GBRA: Gonzales lake spill gate not repairable, unsure of how to fund replacement

SAN ANTONIO (KTSA News) — The Guadalupe-Blanco River Authority about Lake Gonzalez to the organization’s board of trustees yesterday after more than two weeks since the lake’s dam experienced a failure.

In last night’s board meeting, GBRA Executive Manager of Engineering Charles Hickman said a large tree flowing downstream interrupted normal operations on a spill gate on August 3 that ultimately led to the gate fully breaking, which has effectively drained the lake.

Because the dam is nearly 100 years old, Hickman said the only repairs options recommended by inspectors to make the gate minimally operational are too dangerous for dam operators.

“We’ve already seen one of these gates [at Lake Dunlap] fail without warning on sunny day conditions when they were not in operation, and at that time we made the policy decision that for safety reasons we would not be sending operators out on the gate,” Hickman said. “We can’t come up with a way to try to perform these repairs that doesn’t require that at some point.”

Hickman said the spill gate failure at Lake Gonzales is not considered catastrophic like the collapse of the system at Lake Dunlap in May, but the GBRA is being cautious.

“… At that point you’re into a full-scale replacement of the gate, that’s where we keep landing,” Hickman said. “With all of those factors considered, our recommendation is to continue to pursue a funding mechanism that allows us to truly replace the gate at Gonzales and not take the safety risk and attempt these temporary repairs.

A GBRA representative told the board of trustees addressed questions related to funding, stating there are no “funding mechanisms” for Lake Gonzales or Lake Wood: the populations are too small to create taxing districts and the official said there are no state or federal relief funding currently available.

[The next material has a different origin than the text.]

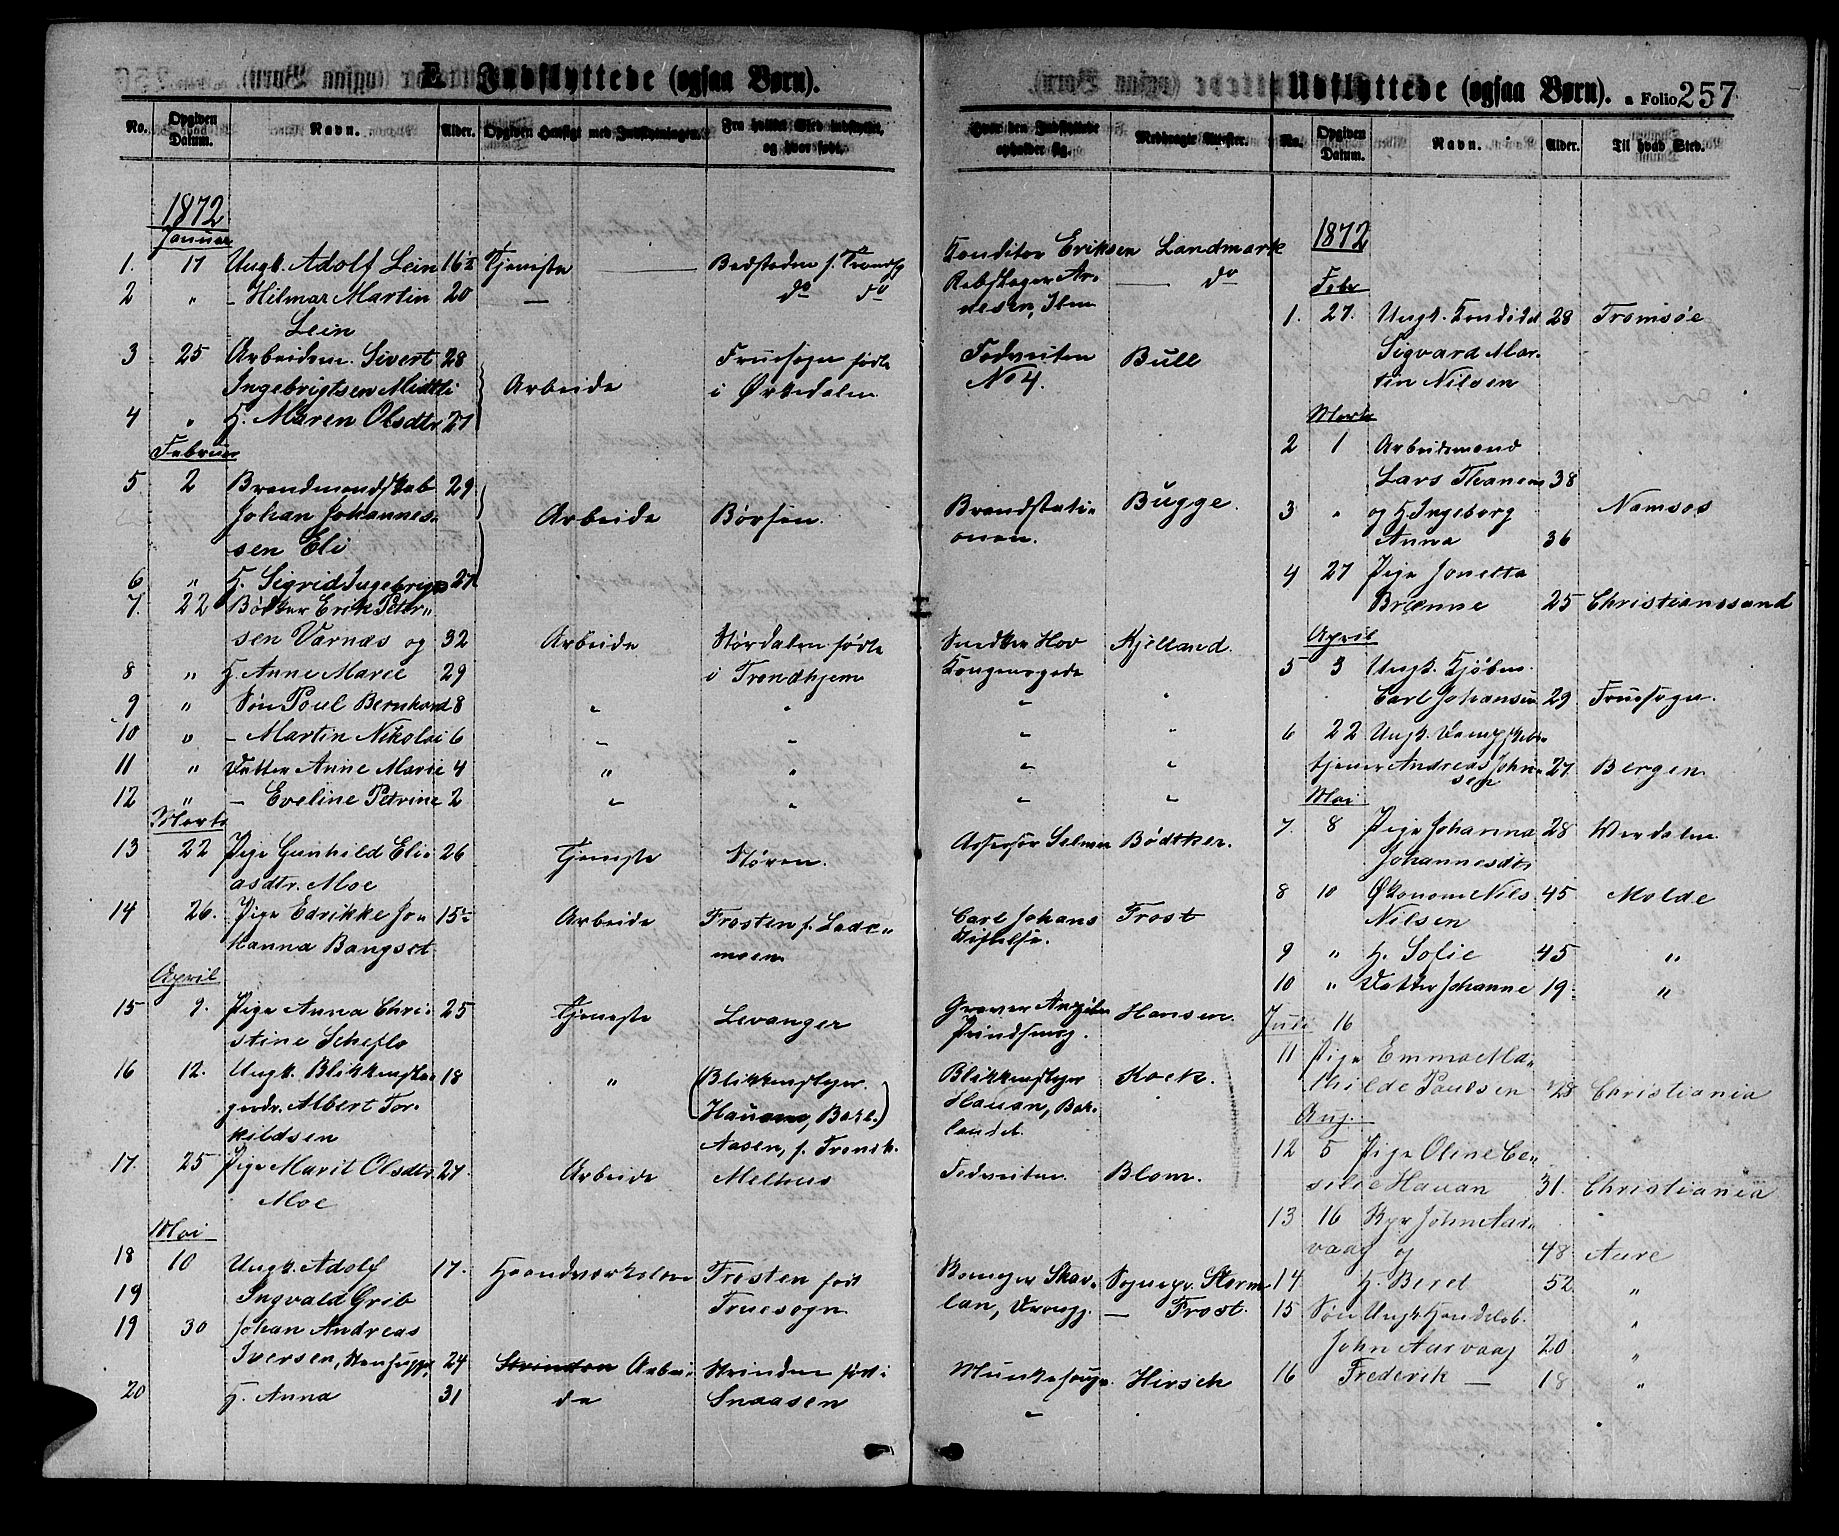 SAT, Ministerialprotokoller, klokkerbøker og fødselsregistre - Sør-Trøndelag, 601/L0088: Klokkerbok nr. 601C06, 1870-1878, s. 257

There was hope that federal relief could be available with the passage of the Bipartisan Infrastructure Investment and Jobs Act by federal legislators on August 10, but according to the language in the bill, grants for dam repairs on Lake Gonzalez would be granted if the lake is used as a means for surface transport of goods.

The Lake Gonzales briefing ended without any suggestion of fixes to the current situation outside of exploring funding options.

Residents around Lake Gonzales, including one plucky Youtuber named Five, are chronicling the drain of the lake and the subsequent consequences including the death of the lake wildlife.


GBRA Environmental Science staff, Canyon Lake Gorge staff, Texas Parks & Wildlife and US Fish & Wildlife worked together on Aug. 6 in an effort to save local wildlife including more than 2,000 freshwater mussels.

Courts have sided with the GBRA against property owners in legal battles related to other dam failures over the last two years.